What the company didn’t say was that the well’s choke was open almost to its widest limit, according to documents reported to the Texas Railroad Commission. The diameter of the valve through which oil flowed was more than three times larger than the one used by peers such as Marathon, the documents show. Less than six months later, average daily crude output at Thurman Horn 406H had dropped 94% to about 343 bbl/d, according to state production data.
The full-blast strategy is a loser in the long term, according to a study last year by producer BHP. The Australian mining company, with access to some of the most prolific drilling land in Texas, found that many wells reporting high initial production slowed significantly over time.
A two-year comparison of BHP wells to four competitors in the same field showed that those whose wells produced more in the first month of operation eventually lagged BHP in output after 24 months, according to a June 2 presentation.
“Investors need to be cautious” about using initial production tests as an indicator of the quality of a well, Rod Skaufel, president of BHP’s shale business, said in an interview.
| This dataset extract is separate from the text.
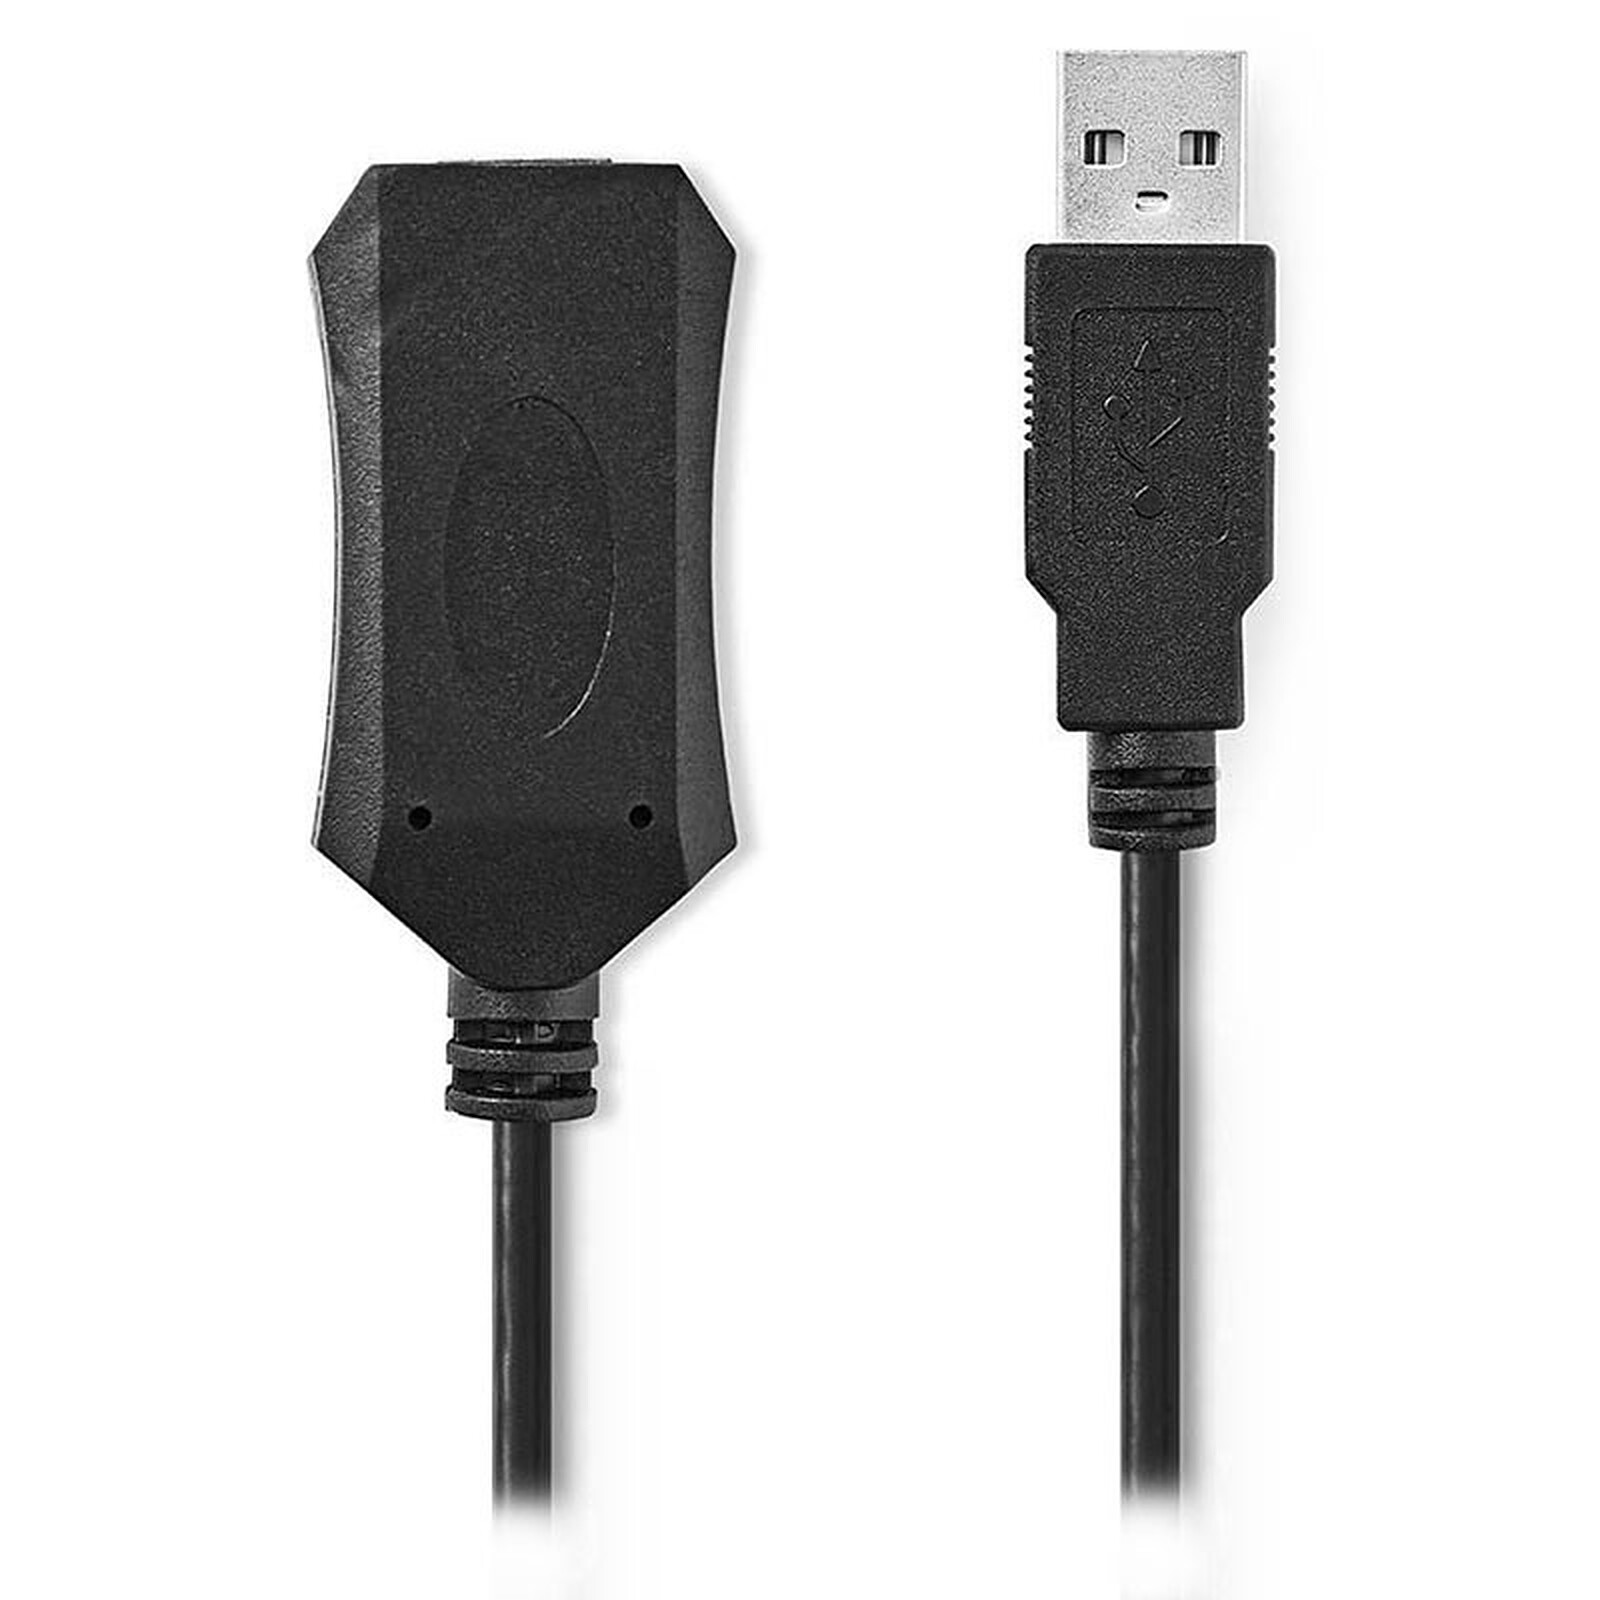 Cable USB 2.0 de Extensión Alargador Activo de 5 metros - Macho a Hembra

The tests “tend to get a lot of publicity, but they aren’t necessarily a good predictor of long term performance.”
A lot of the IP reports are a joke, see my comments on the SM energy well from a week ago.
I recall that reply, CMK. I think it is appropriate to remind members that the thirty and ninety day production numbers are a much better gauge of EUR. It's difficult to know the details of how an operator measures a 24 hour flow rate whether it is the first 24 hours or the best 24 hours over some days accounting for flowback of frac fluids (well clean up).
Most operators in the Haynesville did report choke size and flowing pressure when they reported IP's which certainly helped a good bit. At this point, the EUR's of different geographic locations within the Haynesville are pretty well understood, depending on lateral length. I am referring to the Haynesville only here.
I don't disagree that there is likely intent to deceive early in the life of developing plays, but that deception can work both ways.........i.e. understating IP's for competitive reasons. There is a long lateral Haynesville well in San Augustine Co., TX, named Banana Slugs 1H that had an IP of 15.332 million/day on a 17/64 choke with a flowing pressure of 8342 psi. On the surface (other than the pressure) just a good slightly above average Haynesville well. The Banana Slugs has produced 7.6 BCF in it's first 19 months and is still making over 300 million/month. I'm not aware of any other Haynesville well that will top it, but plenty reported greater IP's than 15 million/day.
Agree , SB. Once Haynesviile operators adopted restricted choke programs IPs went down and EURs went up. Now with longer laterals IPs look somewhat modest but EURs have increased again.